# Wife maybe moving to Philladelphia



## AllanAUST (Feb 18, 2008)

Dear Forum Members,

My wife is looking at a job in Philly - she has been asked about salary - they had in mind 55,000 US. 

Having not lived in Philadelphia before - is this a reasonable salary to live on ( here in Australia she is on 75,000 AUD including 9% pension). 

Questions 
What would a two bedroom Apartment and house cost in a nice area in philly?

Your help would be greatly appreciated

kind regards,
Allan


----------



## Rachel_Heath (Mar 16, 2008)

Alan,

$55K Per Annum is not brilliant but it's not awful either. I think the average in Philadelphia's around $50,000 so you may want to see if she can get more.

Philadelphia's such a varied area that it's hard to come up with some good apartment prices, but you might be looking at anywhere between $600 and $1400 per month. I personally prefer the North Philadelphia suburbs to anywhere else but they can be pricey.

Ask for milk, I picked some up today for $2.19 for a 1/2 gallon (1.89 liters) but prices are rising all the timing so the figure is somewhat meaningless as an indicator given the current economic climate.

On what Visa type is she coming across and how are you planning to join her?


----------



## AllanAUST (Feb 18, 2008)

*Wife wanting to come to Philly*

Thanks Rachel,

Not sure what type of Visa as yet...and yes I would like to join her - looking at having a discussion with my firm about an exchange with our firm in Philly -Understand if one of us gets a sponsored visa, then the other one get a working visa as well from Amer govt ( under the new Aust / American Free trade agreement)...mind you I havent really investigated it properly! - Any knowledge of this yourself?
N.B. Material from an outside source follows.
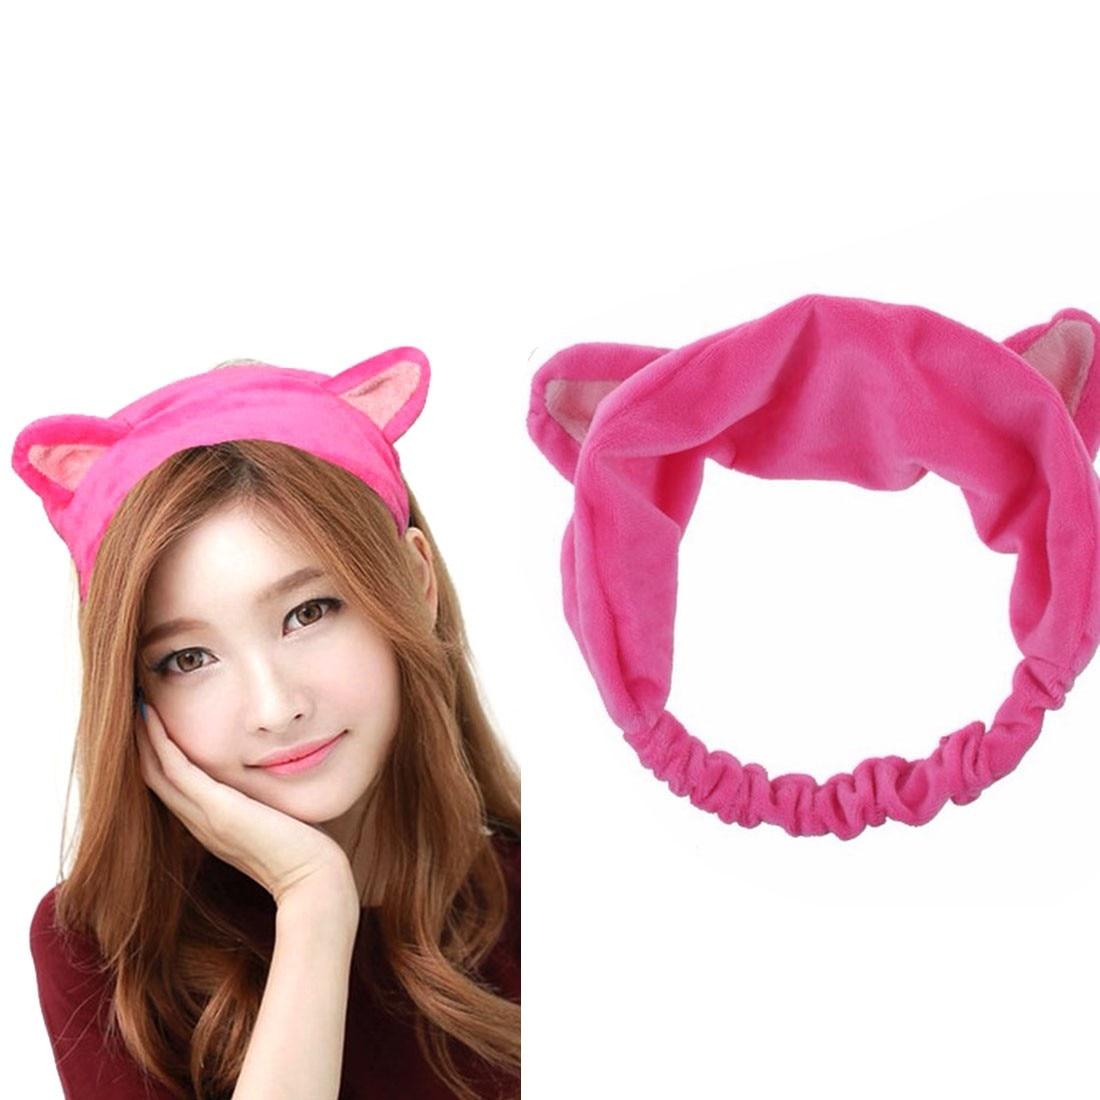 Hot 1PC Cat Ear Headband Women Hair Accessories Wash Shower Cap Head Ornaments Elastic Hairband Party Halloween Headdress

We are only recently married - so 6 months apart is doable but not much more!

cheers
Allan


----------



## Bevdeforges (Nov 16, 2007)

Allan in Executive search said:


> Not sure what type of Visa as yet...and yes I would like to join her - looking at having a discussion with my firm about an exchange with our firm in Philly - "Diversified Ray & Berndtson" - Understand if one of us gets a sponsored visa, then the other one get a working visa as well from Amer govt ( under the new Aust / American Free trade agreement)...mind you I havent really investigated it properly! - Any knowledge of this yourself?


$55K isn't bad for an "administrative" job in the arts. It depends a bit on which orchestra, but unless you're name-branded talent, jobs in the arts usually don't pay all that well in the US. 

Be sure to check out the visa situation. If they can get her in on a L visa, you're covered for working on the spousal visa. Otherwise you'd have to get your company to swing a "transfer" visa (your own L). But for an orchestra to be recruiting staff from abroad, they should be able to handle the visas.

For apartment rentals, take a look at the website for either the Philadelphia Inquirer or the Philadelphia Daily News. They should have apartment ads that will give you an idea about prices. Don't be surprised to find that most folks who work in Philadelphia live in the various suburbs - where prices are normally cheaper and the are generally "nicer."
Cheers,
Bev


----------



## Rachel_Heath (Mar 16, 2008)

Allan in Executive search said:


> Not sure what type of Visa as yet...and yes I would like to join her - looking at having a discussion with my firm about an exchange with our firm in Philly -Understand if one of us gets a sponsored visa, then the other one get a working visa as well from Amer govt ( under the new Aust / American Free trade agreement)...mind you I havent really investigated it properly! - Any knowledge of this yourself?


Allan,

I'm unsure currently what protection the agreement would give your wife for her new job. The most (proposed) protection I could find is under GATS (General Agreement on Trade in Services) and is for temporary workers only (mode 4).

That being said we need a little more background on your current situation. For example an L visa is issued to a worker of a company that is based both here and overseas and is therefore seen as a transfer visa. To obtain an L1 or L2 visa your wife would have needed to be working for the same organization in Australia for over a year an will be employed by the same company here. L's are more flexible than most other sort given that they don't have an annual cap and the spouse can come over on an L4, obtain a Employment Authorization Document is be able to see employment pretty much anywhere here.

An H visa is more complicated to achieve and in some respects more limiting in your abilities; both sorts are fixed to the company sponsoring the visa - you leave the company and you also have to leave the US. However unlike L visas, H-1B's are designed to admit 'skilled' workers into the US to fulfill a role that the sponsoring company is unable to fill using domestic talent. There is a 65,000 annual cap (currently fill for 2008) and is always keenly sought after. As a spouse you'd be able to enter on an H-4 visa but that would not give you any rights to pursue employment. The only way you'd be able to do so would be if you obtained your own visa.

The above two are just generalized statements about two different sorts of visa's open (and expand upon Bev's comments earlier on). If I were you I'd have my wife contact her prospective new employer and obtain more information as to how they thought they were going to proceed on this.

As for myself, I came out originally on an H-1B way back in the 90's then got thoroughly messed around by my sponsoring company so left in a negative-cashflow huff! Fortunately I met a sweet & understanding yank over here and - well, the rest is history!


----------